The story begins with a young Episcopal priest getting his lights dashed by Tim Van Shrimpy, “Bible Scholar.” The reason Van Shrimpy is rampaging around beating up people is still unclear to me, but realism was sold out when this tale was typed up. Ted Strongbow is a football superstar with few real skills (wait, is this part straight-up parody of actual people?). Rev. Lewis Ironsides has written the book Exactly How to Look and Exactly What to Say If You Want to Marry My Daughter Carol-Anne, which, he says, isn’t exactly arranging her marriage, but it’s a hot item among controlling homeschool moms with eligible sons.
It takes place in a world that has The Honorable Philip Yancey Hospital housed within the Dynex/Lifeway/Excellence in Christian Publishing Kilometer High Stadium, home to the Denver Values football team (Strongbow’s team). The story takes up a whole handful of characters in short, often choppy, scenes that flow together just like the end-times thrillers it intends to skewer. What is bringing all these people together? Their loyalty of dispensational end-times teaching and the belief that they need to be in place before the rapture occurs. But are they mobilizing to be in place to usher in or ward off the rapture?
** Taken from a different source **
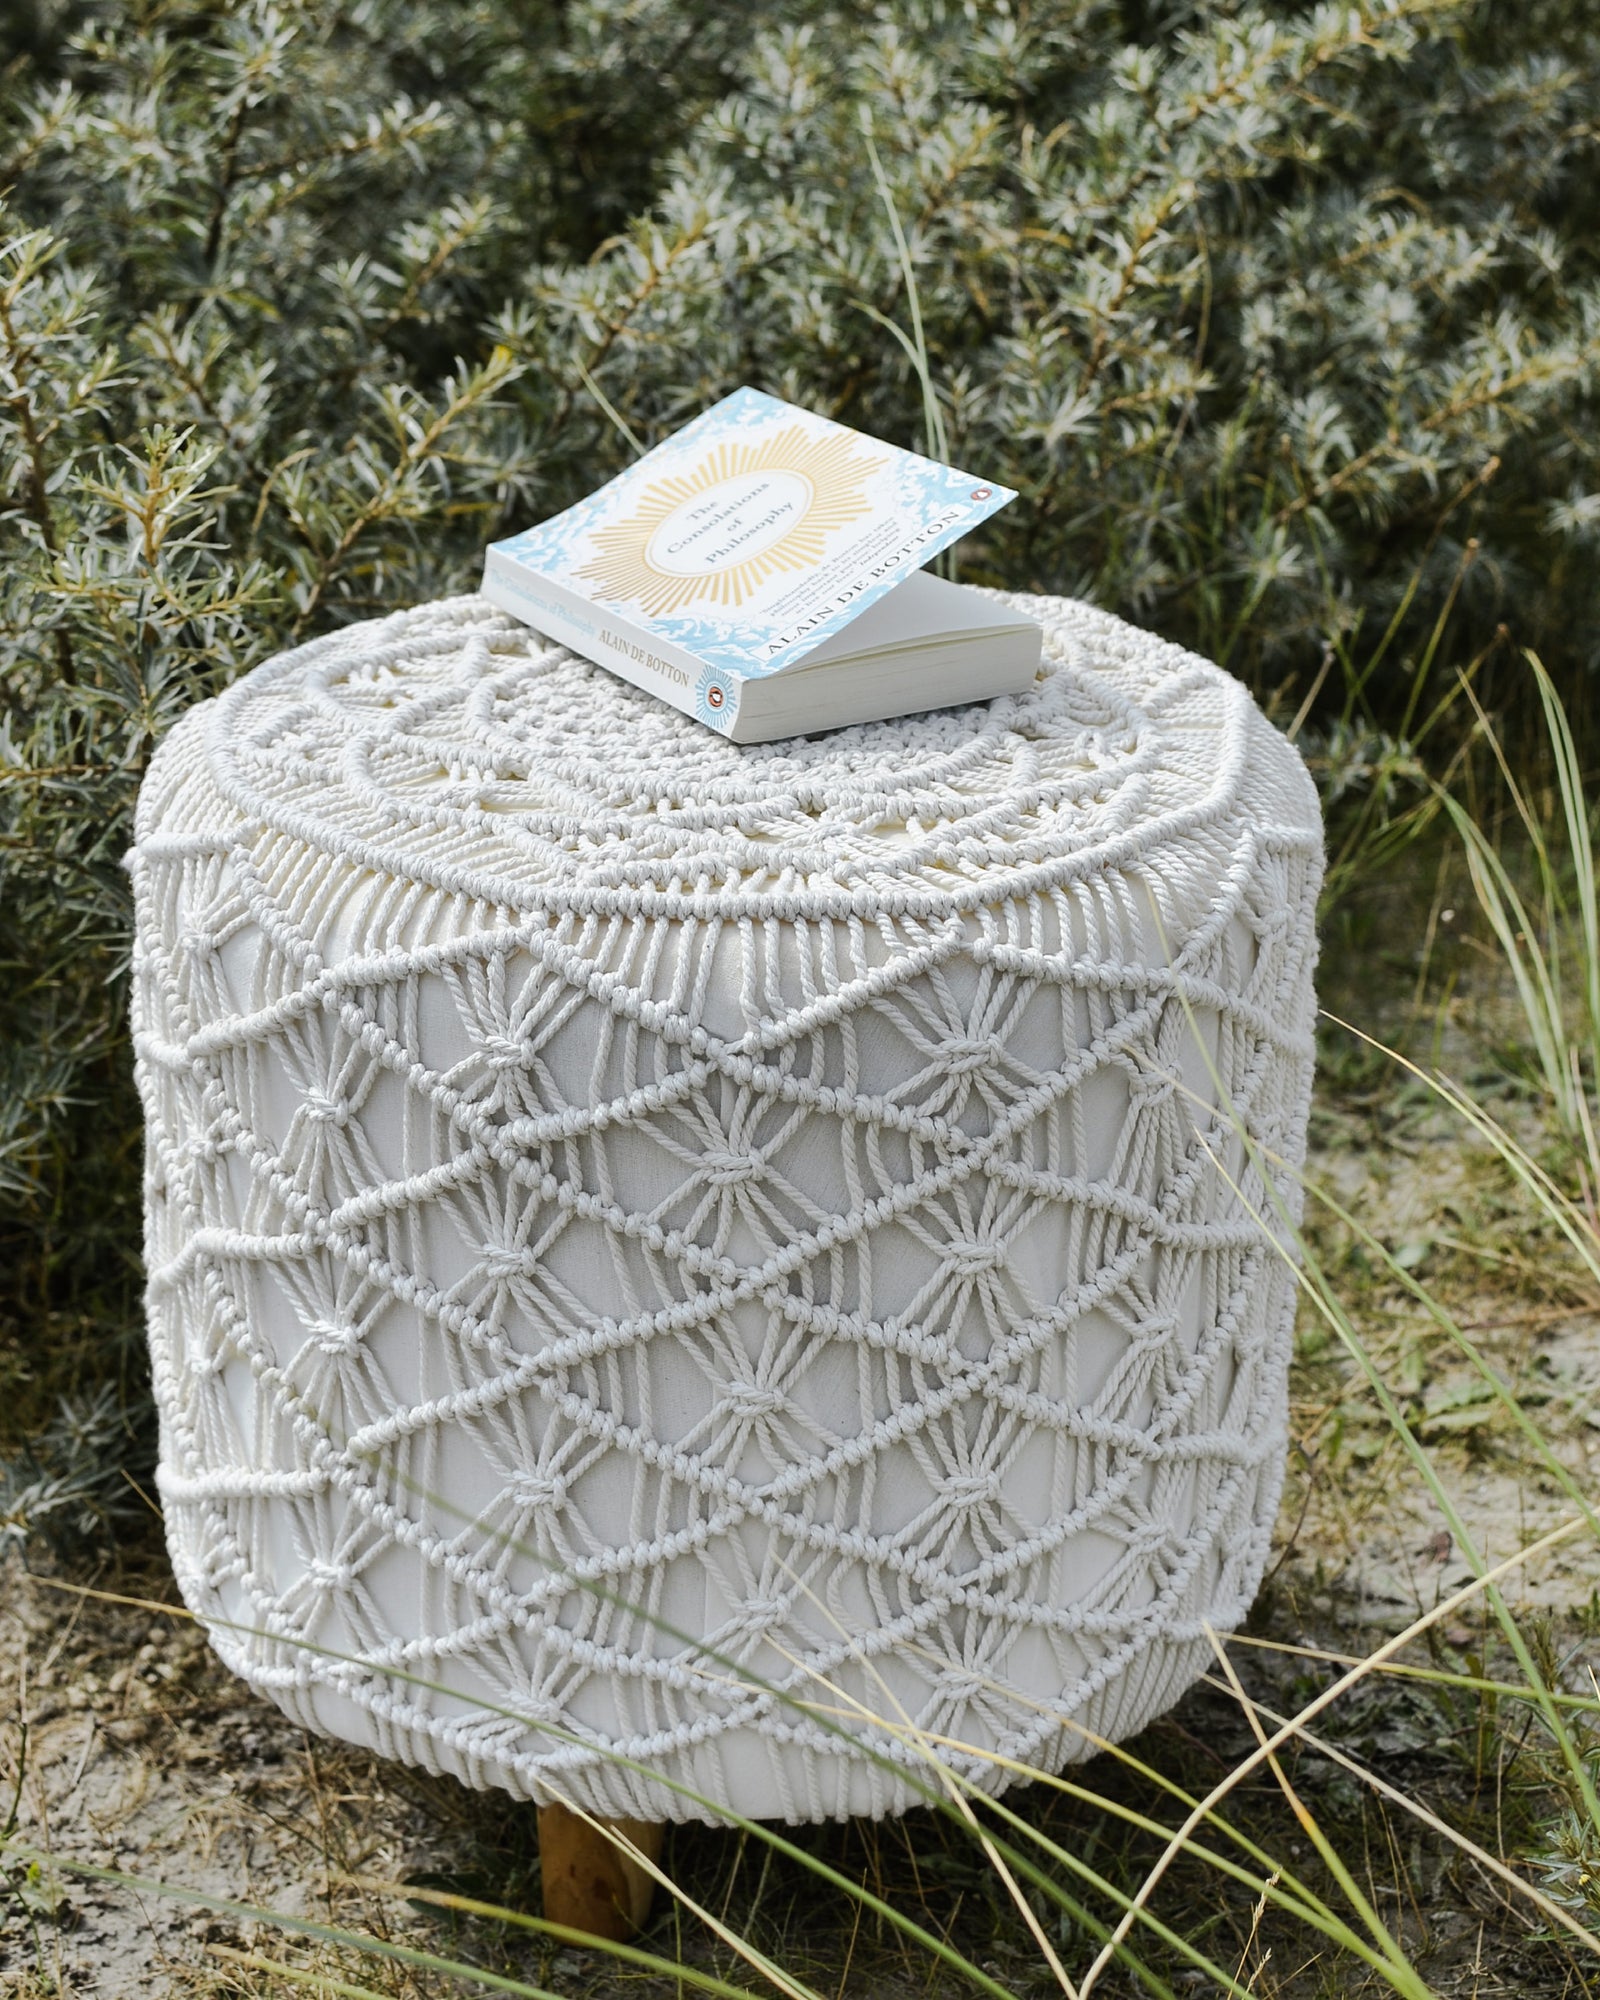 Macrame Pouf Stool  With Wooden Legs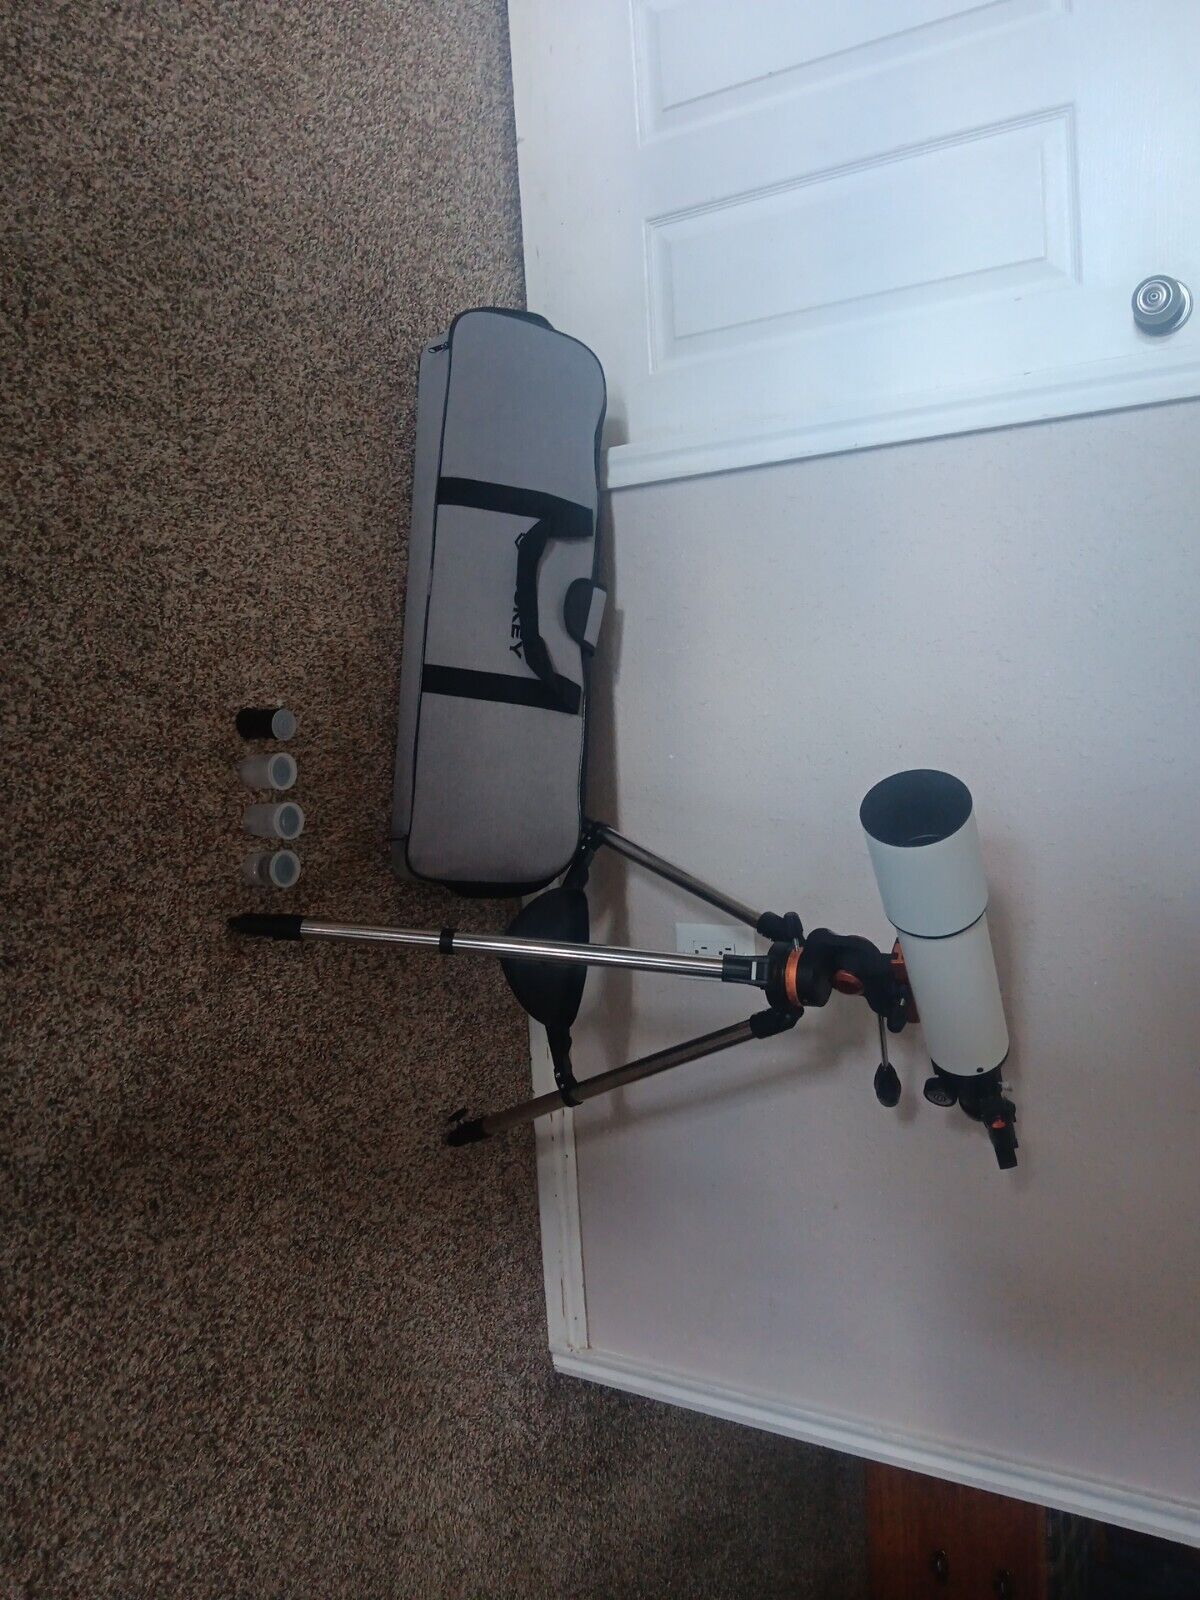 Telescope for Astronomy for Adult Beginners - Professional, Portable and Powe...

All of this may lead you to think this is a humorous, perhaps harsh, criticism of dispensationalism, but I assure you it’s only a light poke in the ribs. Look at me. I have my serious face on when I say this is a very silly book. The closest line you get to deep theology is this internal question from one character “If you’ve already missed the dead being raptured and then you die during the main rapture, is it possible to fall through the cracks?” This book can’t even take itself seriously much less present a serious theological thought, so don’t worry about coming across any real jabs at pretribulationism and related theology.
If you are dispensational premil in your escatology, reformed in your soteriology, not reformed in your soteriology, a third string quarterback with a chiseled jaw, a football coach, ever been a member of a tribulation club or any other person in the world and you do not have a sense of humor then caveat emptor. Otherwise, if you don’t take yourself too seriously then you will love this book. This book can best be described as a rapture themed comedy, drama, sports, suspense, Amish romance, semi-biographical, historic, prophetic, action thriller. I know that may sound odd, but to quote the book “It all makes sense in a weird kind of way.” While reading this soon-to-be modern classic I laughed, I cried I threw up in my mouth a bit. (On second thought it may not be the book’s fault that I cried.) I learned the sound an exploding grenade makes when a young college kid heroically lands on it to save his love. (Spoiler alter It’s BWAWPH!!!) I will wait with much anticipation for the audio book version to be released. Though I have no inside knowledge, I would imagine it will be read deadpan by the authors and special guests much like they do with a certain tweeters offerings on the Gut Check podcast. (Side note also do not go check out the podcast if you take yourself overly serious.) On that note I end with a personal note to the authors “Thanks for a great rapture.”
Michael Woodard
@RMichaelWoodard
Lt. Col. Gut Check Army (I took the liberty of giving myself a raise in rank after that review. Hope that’s okay.)